The caudal basket likely had significant implications for the posture and locomotion of pachycephalosaurs. It has been suggested by previous authors that it helped the tail to act as a tripodal prop, potentially during intraspecific behaviour. It would also have greatly stiffened the tail. Our analysis is consistent with these interpretations, and in that manner is consistent with the idea of head-butting behaviour in pachycephalosaurs.

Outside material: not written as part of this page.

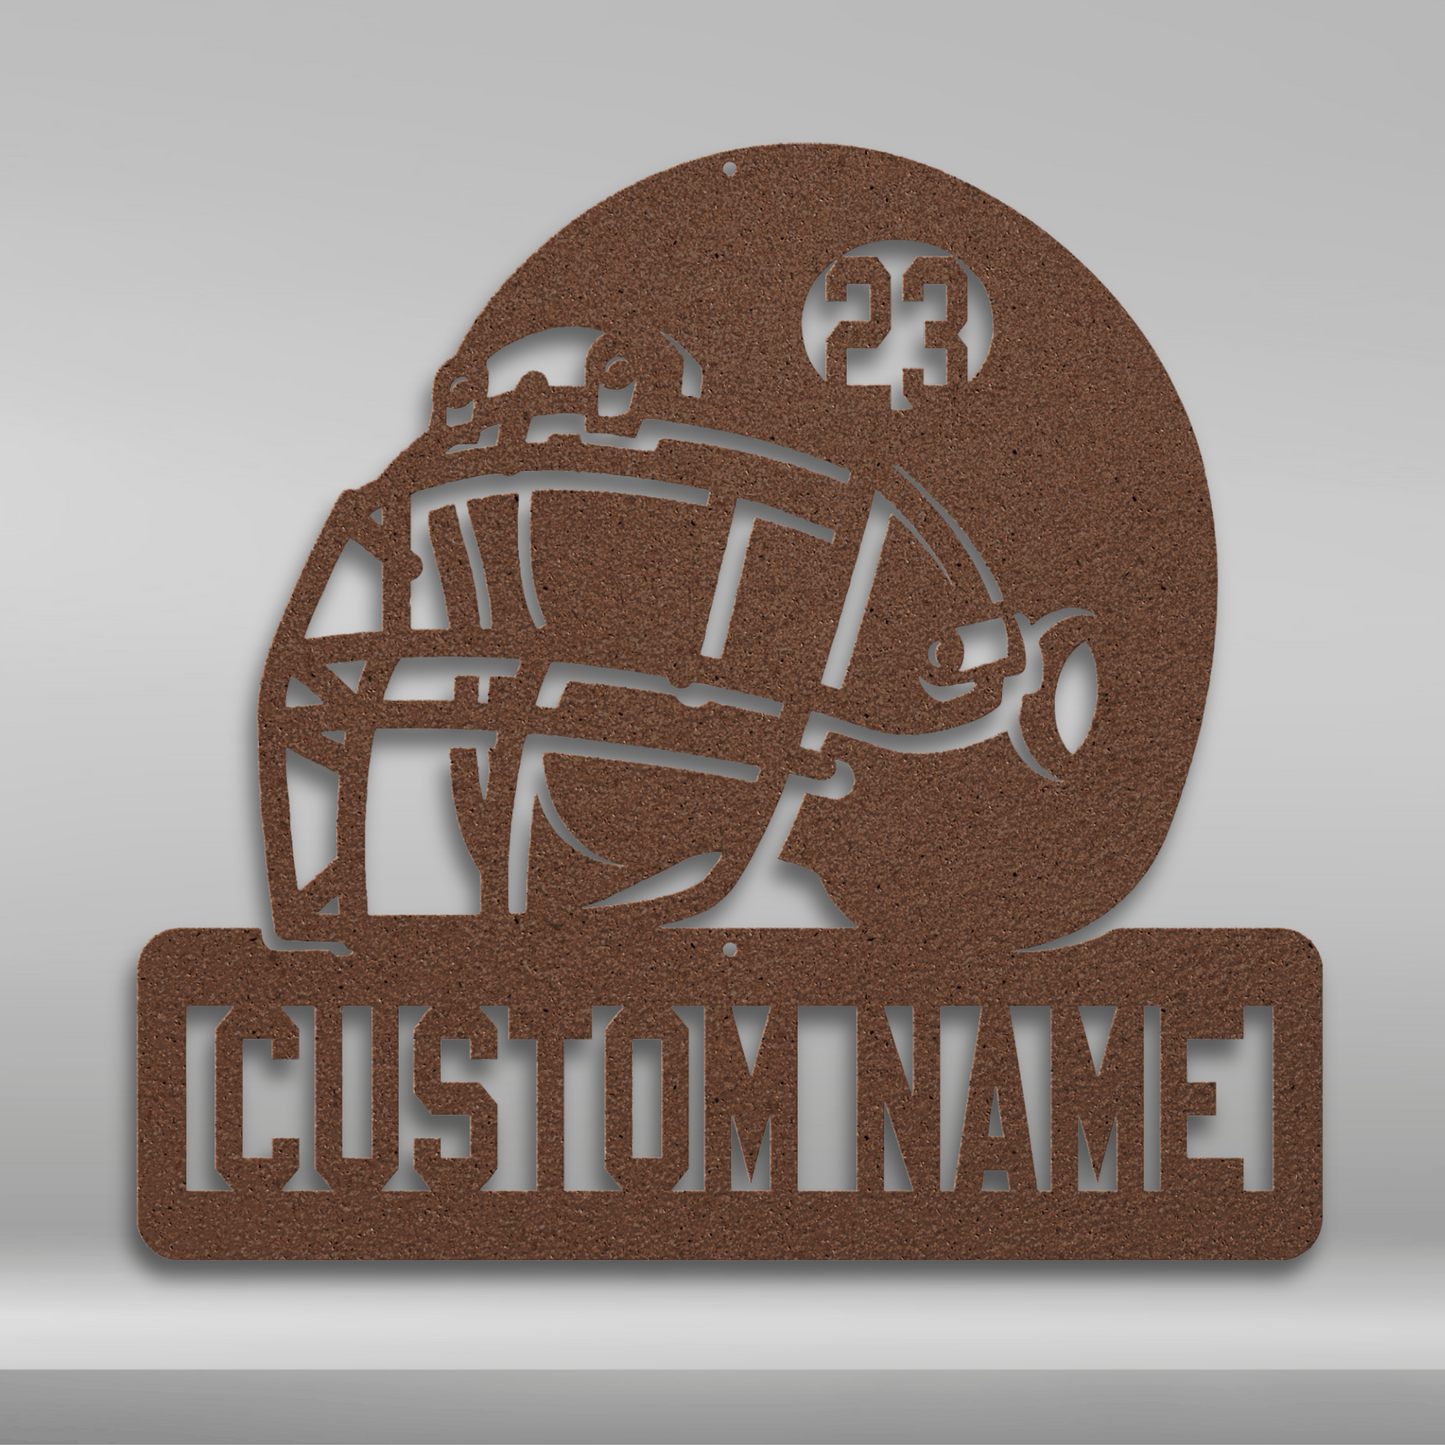 Custom Name Boy's Football Helmet - Metal Sign

The presence of the caudal basket has also been used to support the idea of agonistic flank butting behaviour in pachycephalosaurs (Goodwin et al., 1998), with the caudal basket acting as armor. We suggest that the morphology of the myorhabdoi is not consistent with armor seen in other groups, and this function in pachycephalosaurs seems unlikely.
Thanks very much Caleb! You can read more about pachycephalosaur tails in:
Brown CM, Russell AP. 2012. Homology and architecture of the caudal basket of Pachycephalosauria (Dinosauria: Ornithischia): the first occurrence of myorhabdoi in tetrapoda. PLoS ONE 7(1): e30212.